Here are just a few examples (there are many more) of media that tackles serious topics much better than 13 Reasons Why and still remains entertaining:
The Way I Used to Be – The Way I Used to Be is a novel by Amber Smith. It’s about a teen girl who gets raped by her older brother’s best friend and about the aftermath. It’s realistic, entertaining, and still manages to handle the topic delicately.
The Perks of Being a Wallflower – The Perks of Being a Wallflower is a book by Stephen Chbosky with a film adaptation. Both the book and the film deal with themes of mental illness, sexual assault, and homophobia. Once again, realistic, entertaining, and still manages to handle the topics delicately.
The End of the F***ing World – The End of the F***ing World is a graphic novel as well as a show on Netflix. It deals with topics including mental illness, suicide, unhealthy family dynamics, sexual assault, and others. The End of the F***ing World is entertaining, though not very realistic or delicate, however, it isn’t meant to be taken seriously the way that 13 Reasons Why is. It draws a very clear line between what’s satirical and what isn’t.
Turtles All The Way Down and The Rest of Us Just Live Here – Turtles All The Way Down by John Green is actually a mystery novel that manages to represent mental illness well. The main character has OCD and the story manages to express her struggles with mental illness while simultaneously being an interesting mystery story. The Rest of Us Just Live Here by Patrick Ness also has a main character with OCD (as well as a character with an eating disorder) and these issues are well represented while still telling a compelling story.
The Fosters – The Fosters a show from Freeform (abc family) with five seasons which each have at least 20 episodes, 40 minutes each.
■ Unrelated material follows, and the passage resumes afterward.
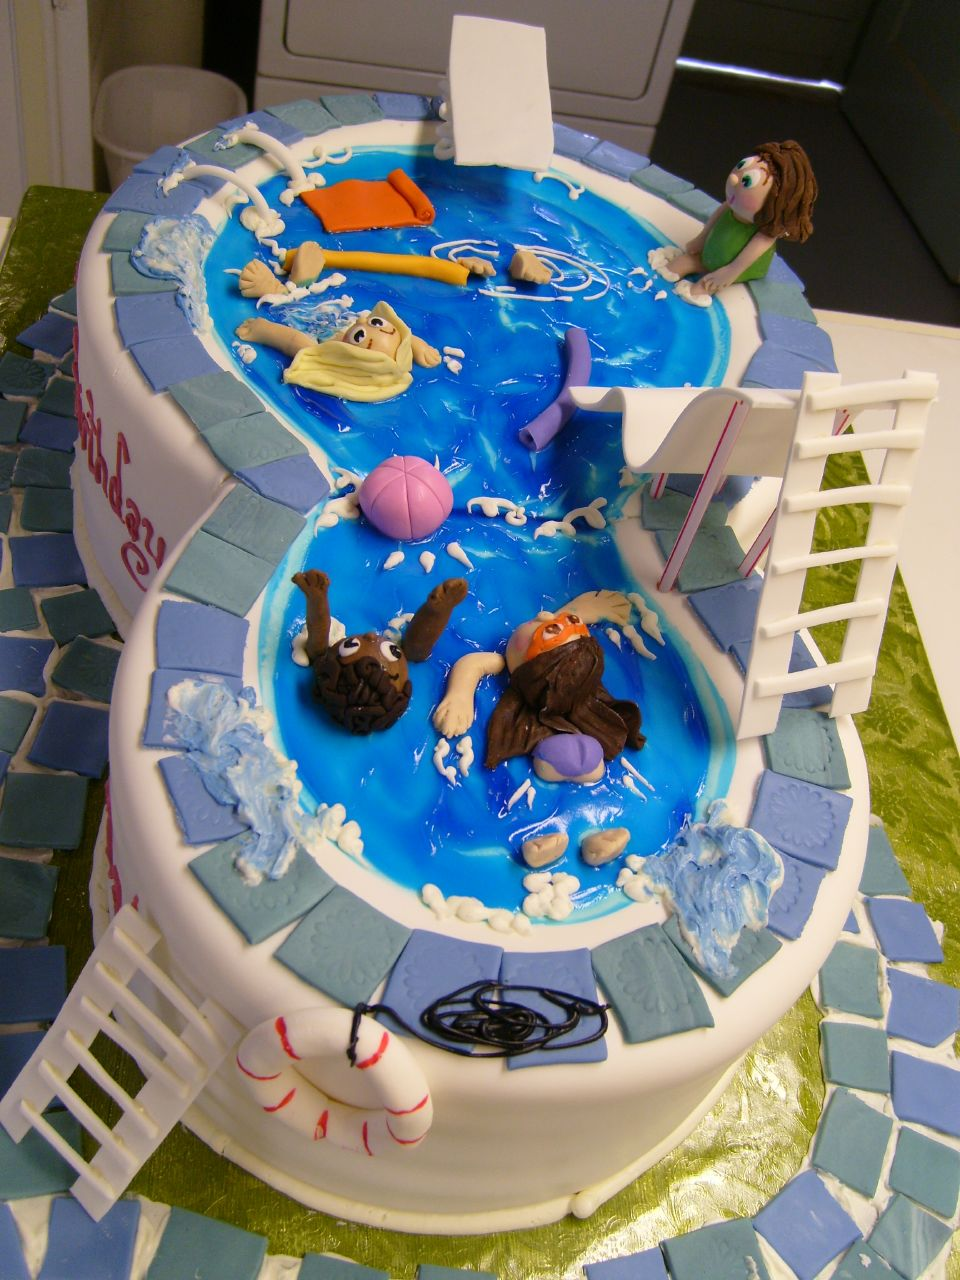 ~~Yummy Artistic Cream Cakes ~~ 275753,xcitefun-swimming-pool-cake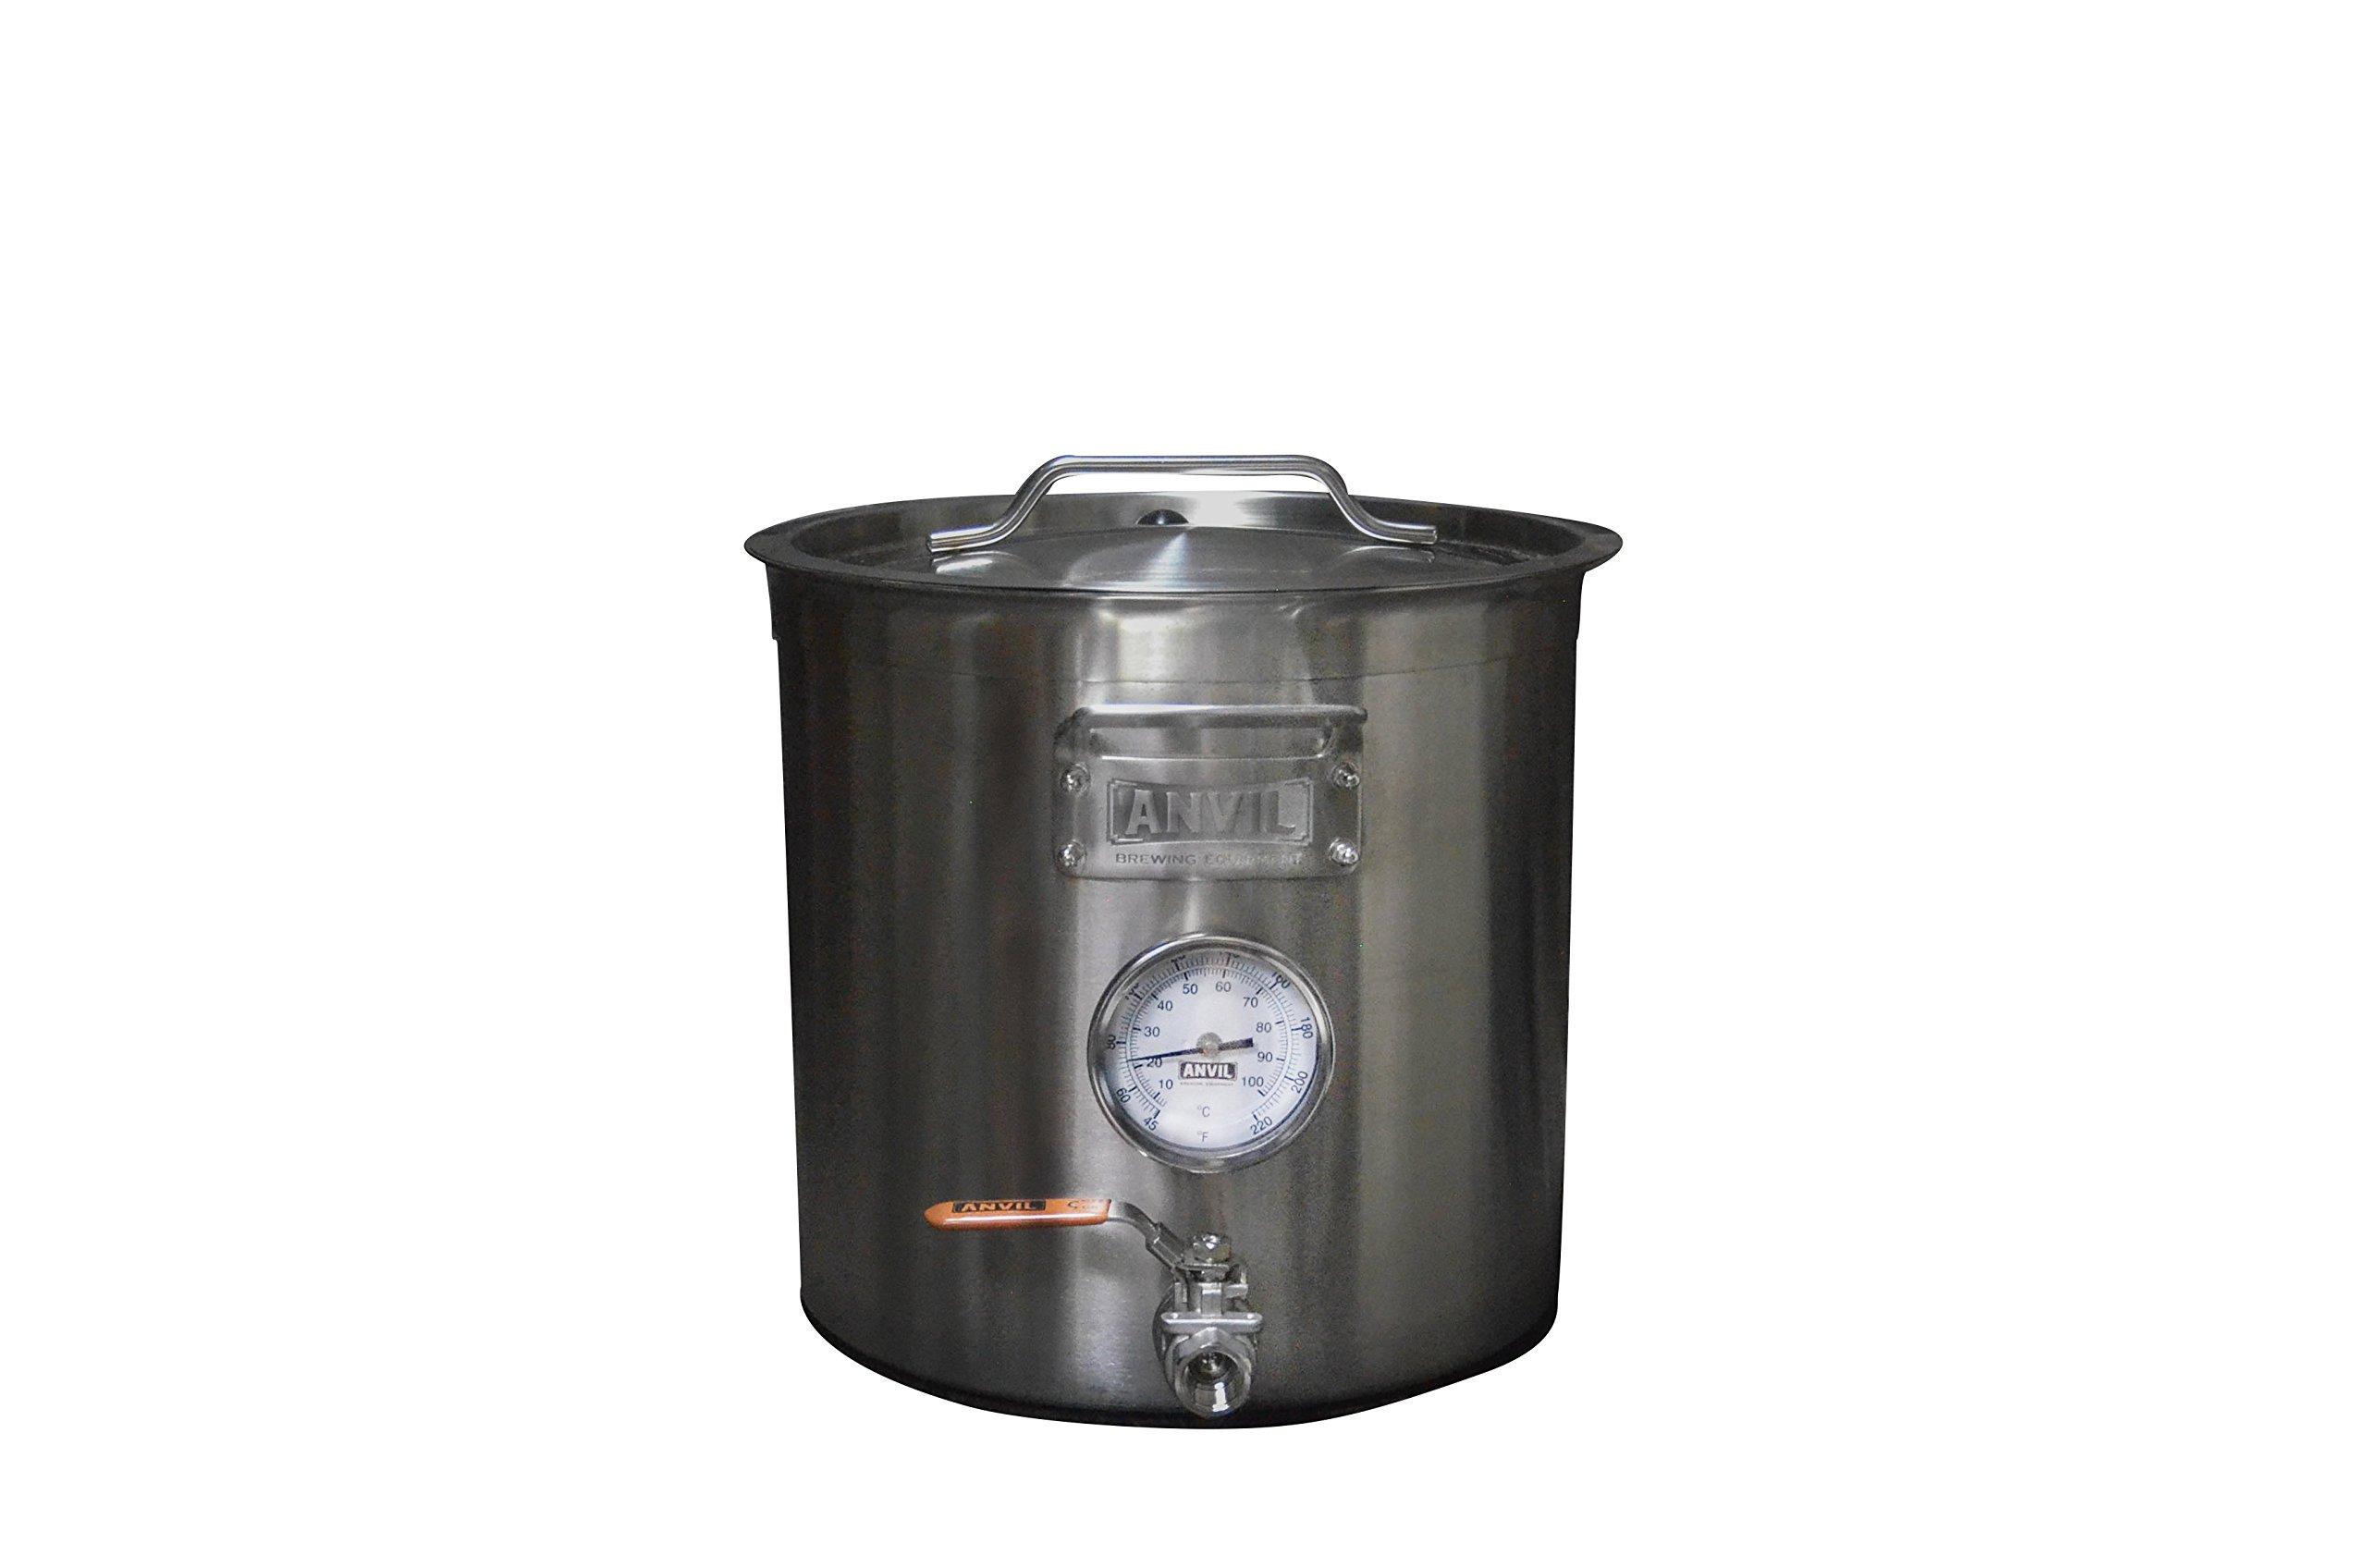 Anvil Brew Kettle 5 5 gal

Through out these five seasons, the show has tackled topics including: sexual assault, domestic abuse, homophobia, transphobia, racism, school shootings, mental illness, ableism, immigration, corrupt law enforcement, prostitution, drug use, abortions, religion, gun control, gender inequality, divorce, unhealthy relationships, and other extremely serious topics. This show managed to be suspenseful at times and entertaining enough to remain on air for five seasons, yet still managed to deal with so many severe themes appropriately.